Given India is now adept at cultural borrowing, relying heavily on Western scripts in their docudramas, movies and plays, it is appropriate to draw out the Faustian bargain between Mahatma and Mephistopheles, the devil reincarnate in Goethe’s Faust.

Every Indian political and cultural elite must now face the Faustian bargain. In the race to catch up with the West, will India choose an expedient path towards development and simply jettison its backward villages, where most of Hazare’s poor, tribal and downtrodden populations live? If Indian policymakers were to choose this path, they would soon discover, not unlike their Western forerunners, that they bargained their souls to achieve a chimerical goal of modernisation, where every modern comfort is available but happiness is in short supply.

After all, this is one of the key lessons India must adopt from the West. Gross Domestic Product growth does not translate into happiness in a linear and straightforward manner.

 As Indian economist and philosopher Amartya Sen has shown, in a critique of neo-classical economics, human capital is just as important as financial capital and building communities and families is just as central to development as building financial resources.

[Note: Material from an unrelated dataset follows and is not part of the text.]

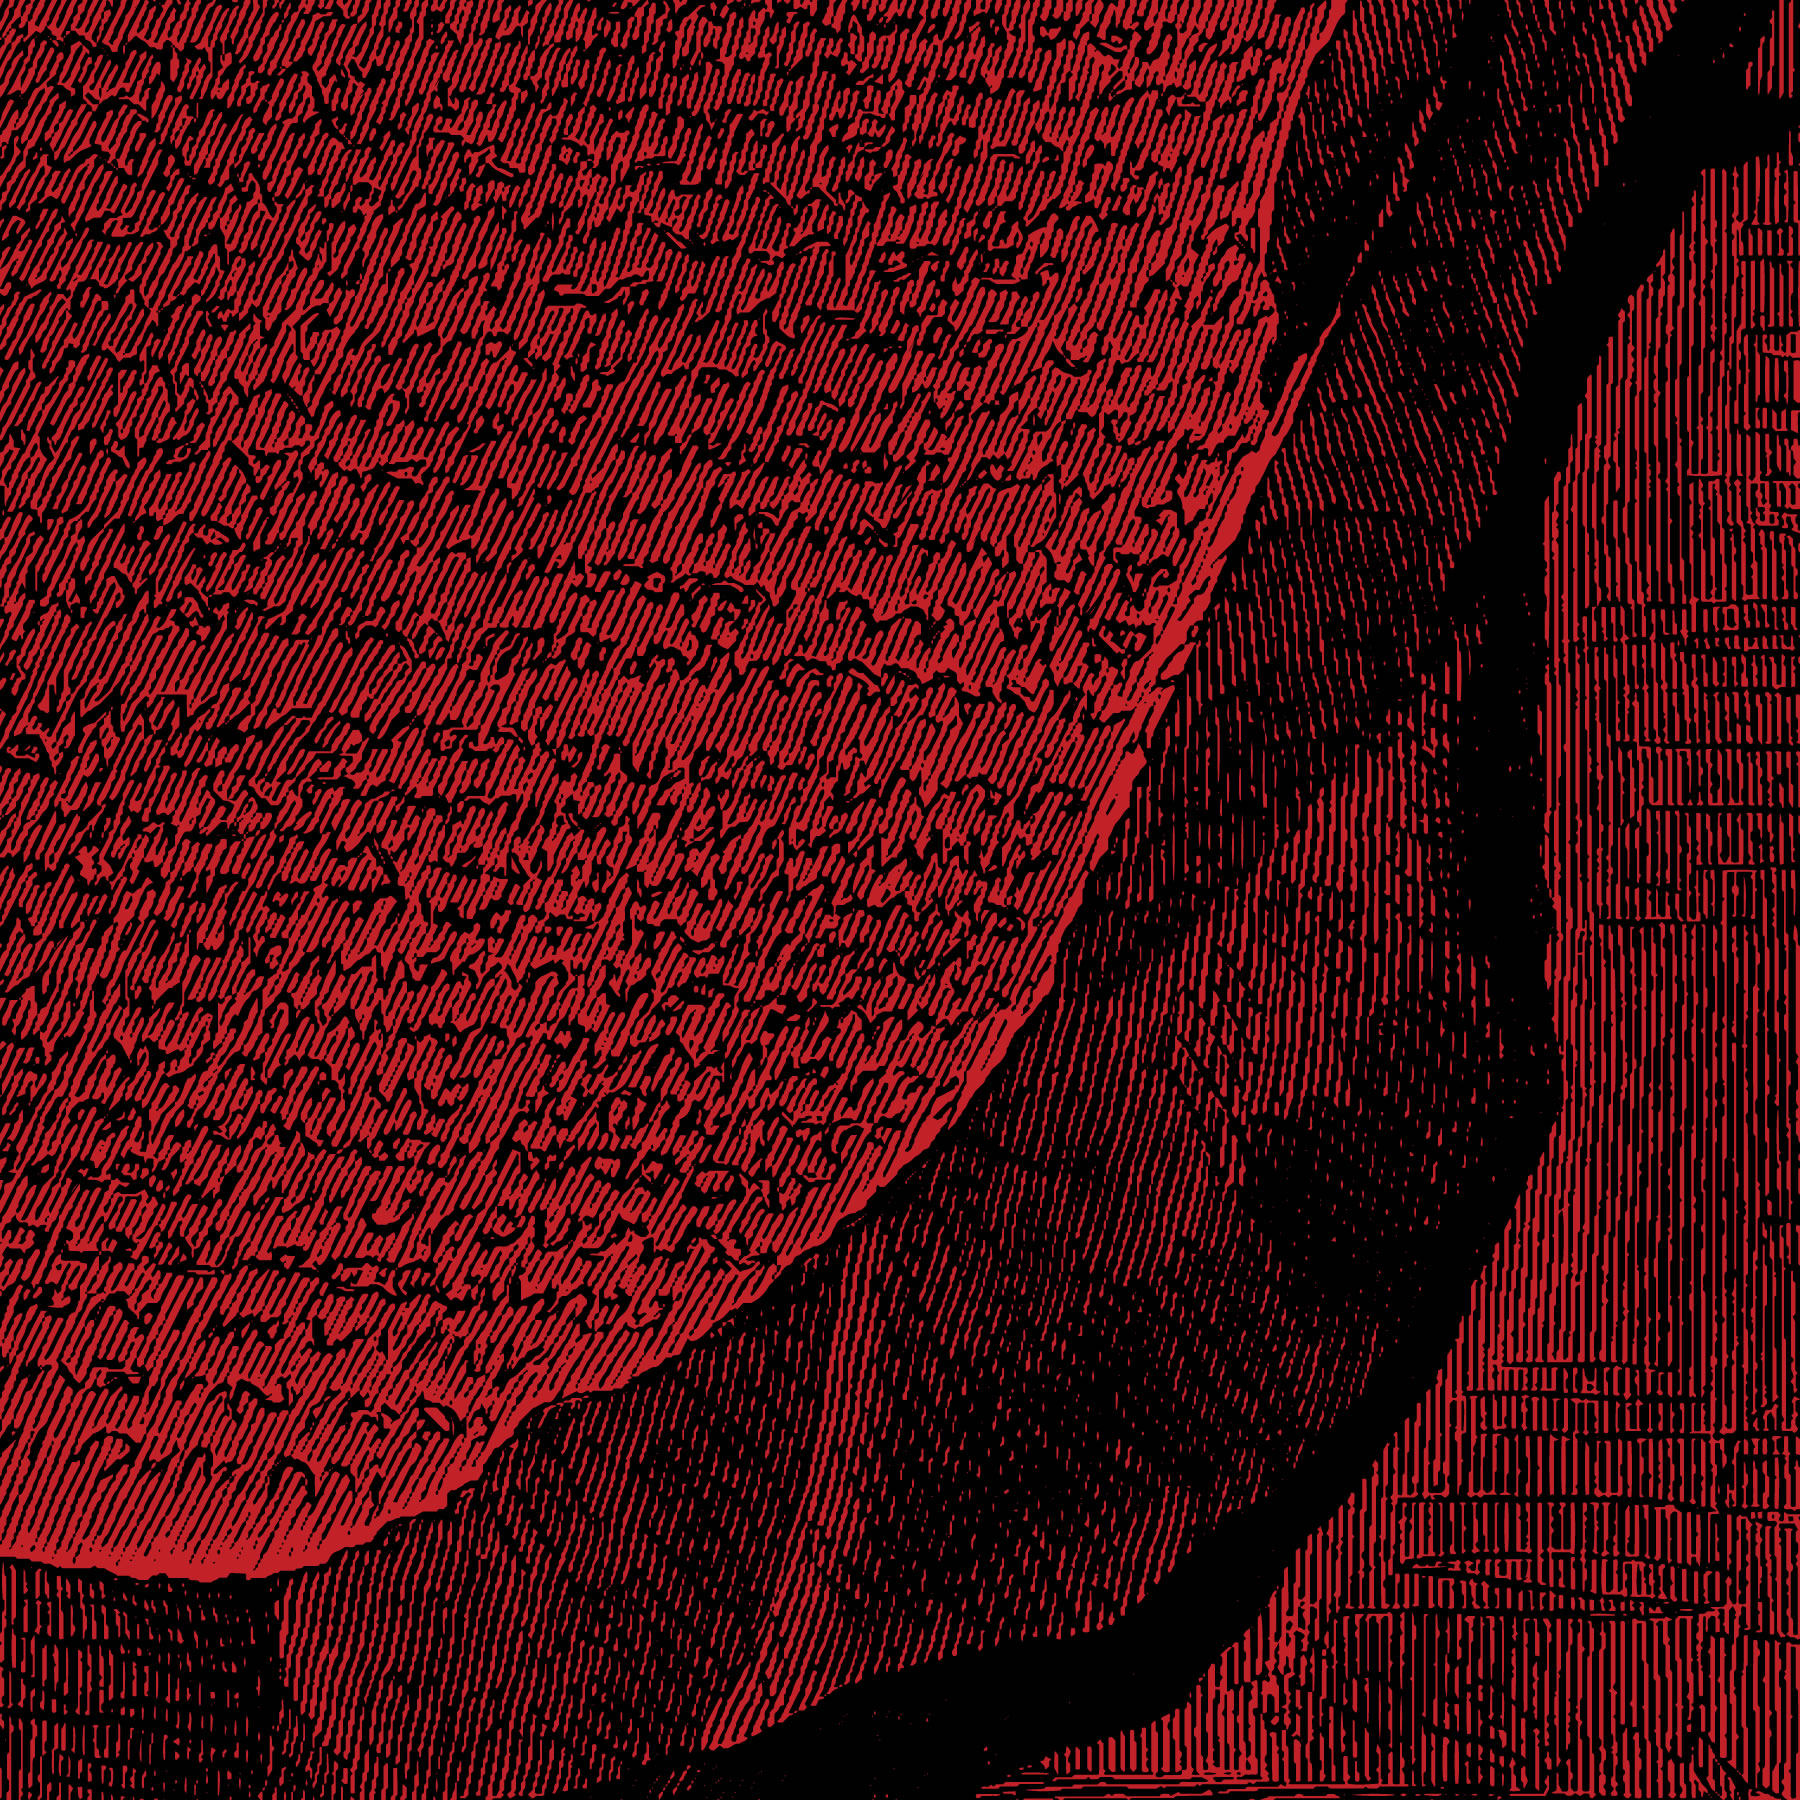 Rosetta Stone illustrator

Building economic capital at the expense of human capital leads to anomie and loss of meaning, dysfunctional families, alcoholism, drugs, violence and a downward social drift. Surely, India does not want to replicate the century-long travails of the West by winning the world but losing its core values in the process.

India’s founding fathers, almost all of whom were trained at elite Western universities, knew the strengths and pitfalls of the European enlightenment project, which the rapid pace of development often accompanies.

 In the age of globalisation, if Indians were to forget the hard-won lessons of the Independence struggle, India might lose both “the home and world” in the 21st century. And this time it will not be because of colonialism. It will be simply because India lost its way. Now, following on the Mahatma’s footsteps, Anna Hazare is showing a path out of the quagmire and many Indian people are willing to follow his lead.

Speaking at the golden jubilee celebrations of the Indian Institute of Management in Kolkata, Prime Minister Manmohan Singh said that economic liberalisation has nothing to do with corruption. This is only partially true. For though the end of licence and permit raj has done away with traditional forms of corruption, the corrupt organisations and institutions that were put in place have found ways to carry on long after they lost their function. The withdrawal of the State from economic sphere has resulted in new forms of politician-bureaucrat-corporate nexus.

In trying to make globalisation and liberalisation work in India, keeping a vision of what development is about is important.  

As Nobel Laureate Joseph Stiglitz has aptly pointed out in the context of India, “One has to have broader vision of sustainable and democratic development.”